Most couples, especially those whose parents opposed their wedding, eloped at night. They didn’t have to worry, for the Aberdeen marriage machine worked around the clock. The Gretna Green was so busy at night, in fact, that Beasley’s dock supervisor earned additional income by renting skiffs to desperate people who couldn’t fit into the boat. Townspeople helped by assisting with the marriages, sewing wedding clothes, furnishing special wedding items, and rowing boats across the river. The town’s boys held the reins of wedding party horses. The local printer called his newspaper the Gretna Green and promoted the squire’s cause at every opportunity.

Steamboat elopements brought Aberdeen many of its large, fancy weddings. Every few days large coaches rolled into town, pulled by teams of expensive horses. The people of Aberdeen left their workstations and homes to watch the bride and her bridesmaids. For those customers, Beasley reserved much respect, offering the bride his arm and walking her to the doorway of his home. But they paid for the honor—$150 for an elaborate wedding. Sometimes, groups of ten couples married at the same time.

Unfortunately for Beasley’s neighbors, all was not quiet on the marriage front. They complained when grooms on horseback fired pistols to waken the squire at night. One time, a young Kentucky man and his future bride rode for days to get to Aberdeen. “There had been a feud between the families for generations,” Richardson wrote, “and the father of the bride vowed that he would kill the lover rather than permit him to marry his daughter. The pursuers were so near that the noise of their horses’ hooves could be heard distinctly when the Squire poked his head out of his window in answer to a volley of shots.… The Squire was then in his seventy-eighth year and was too stiff in the joints to dress himself quickly, so he appeared before the excited couple wrapped in a long quilt and shod only in his socks. The Squire mumbled over a hasty marriage ritual at the conclusion of which the new husband flung him a well-stuffed wallet and dashed away toward the hills … just as their pursuers came up the street to find they had been foiled.”

Another time, a young man paid somebody ten dollars to row him and his girl across the Ohio to Aberdeen.
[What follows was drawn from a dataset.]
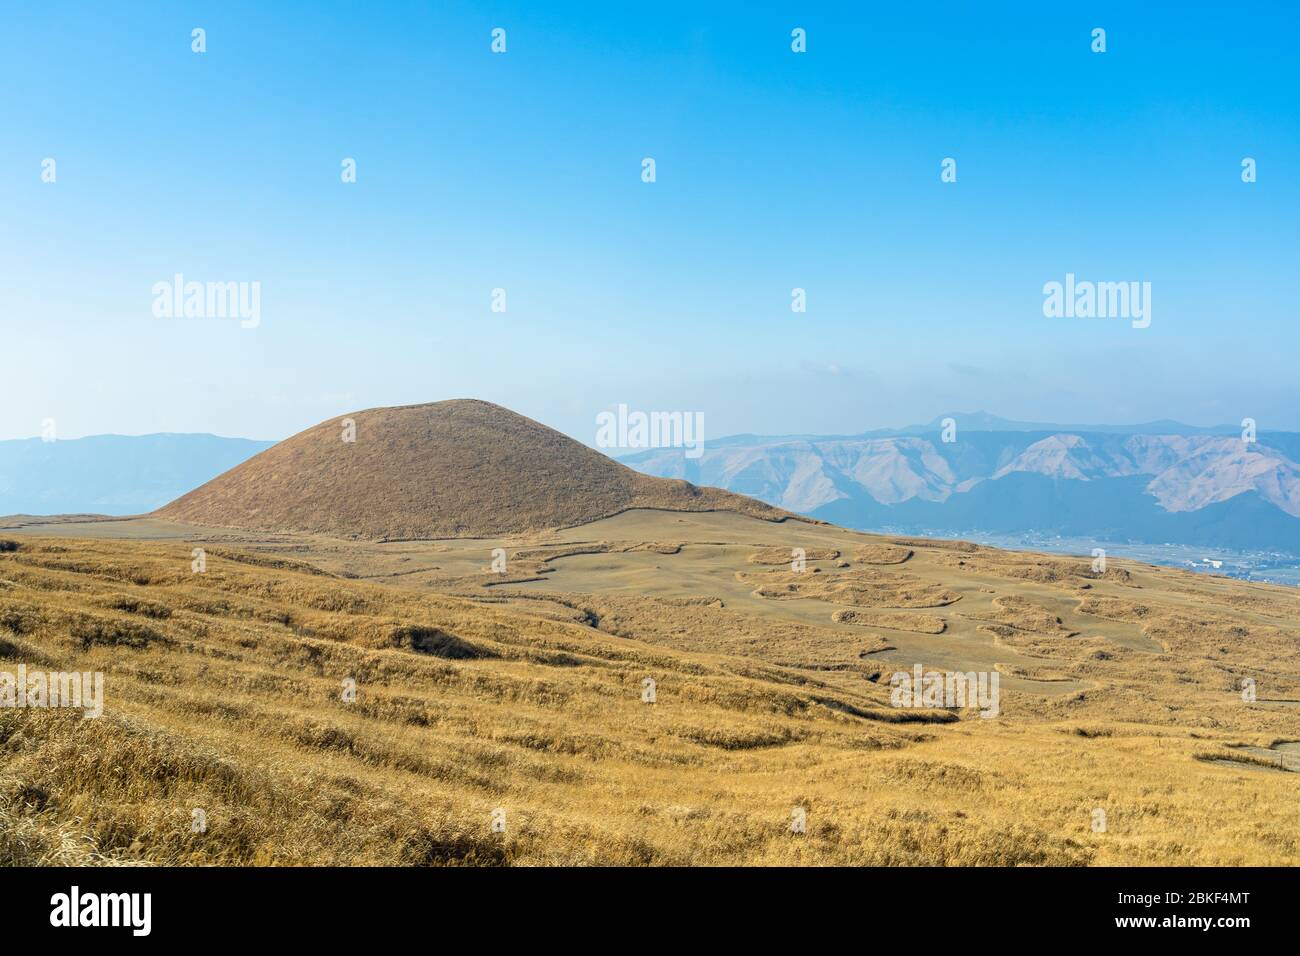 Komezuka In January A Volcanic Cone In Aso Kuju National Park A Grass Field Covers The Surrounding Area And The Surface Of It Kumamoto Prefecture Stock Photo Alamy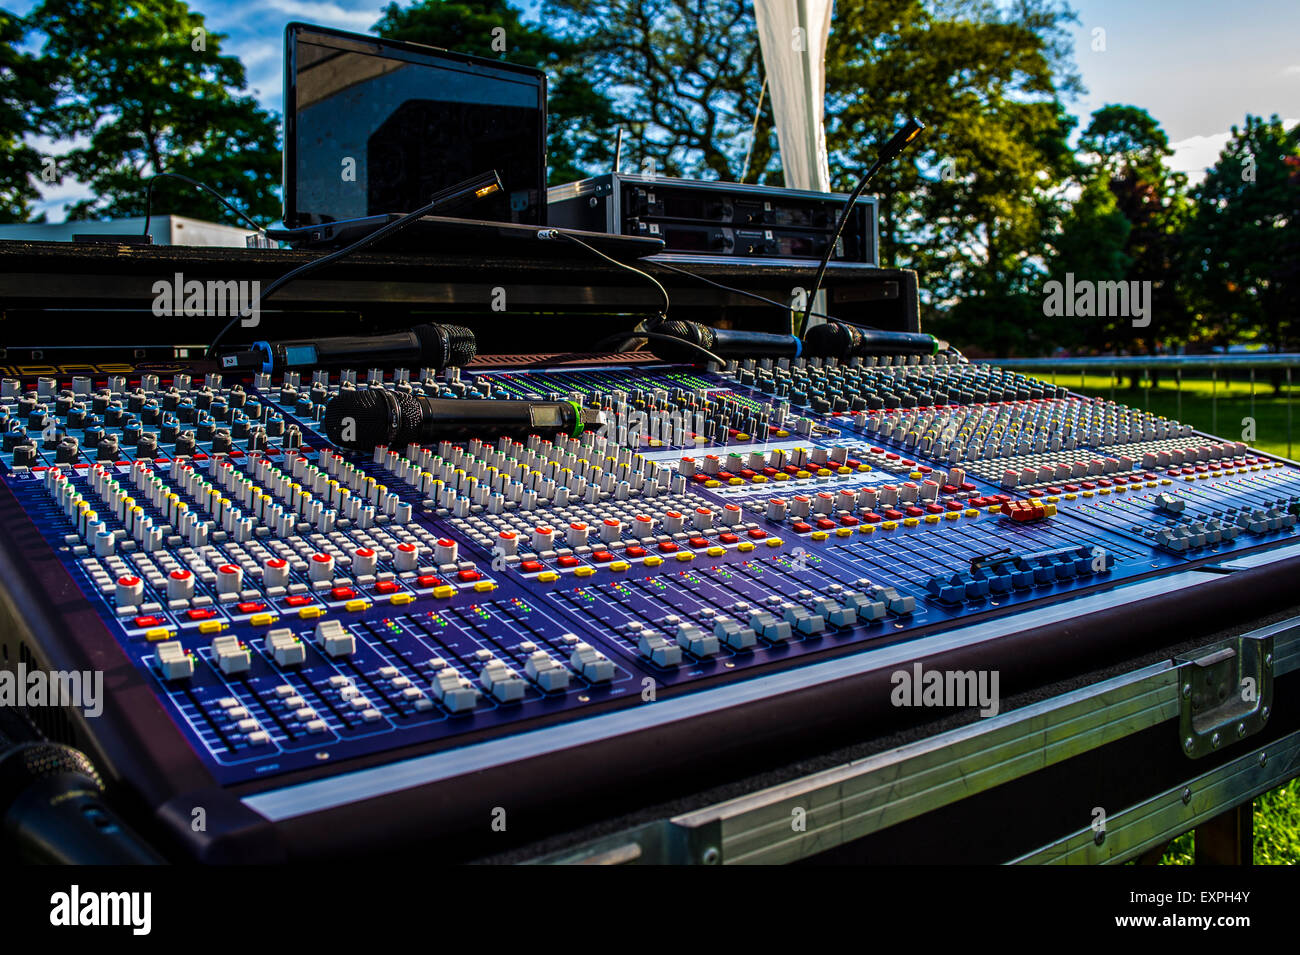 Mixing Desk Outdoor Concert With Radio Microphones And Laptop

Her father, who was close behind, hired another skiff for twenty dollars. In the middle of the Ohio, the young man stood up in the boat, waved his hat in the air in jubilation, and promptly fell overboard. The father plucked his daughter from her boat.

Such events continued until Beasley’s death. His body was barely cold when several greedy men, assuming that tradition would continue, started marrying couples in Aberdeen. But the state decided to enforce its marriage-certificate rules, and the Brown County sheriff chased away the offenders.

Jesse Ellis, Beasley’s deputy, became the next justice of the peace, but he didn’t try to continue the marriage racket. He had kept the previous squire’s files, Molly Kendall said, but nobody knew what they contained. In 1992, fired destroyed them and the home of an Ellis descendant. Dorothy Richardson wrote that she reviewed the surviving files briefly in 1897 and concluded they were a potential hotbed of campaign scandals. Apparently Shelton and Beasley kept enough names—Richardson counted five current and thirty-four former congressmen, even former senators and a retired foreign minister, among the grooms, not to mention the squires’ exorbitant fees charged for over seventy years.

No wonder Squire Massie Beasley died with a smile on his face.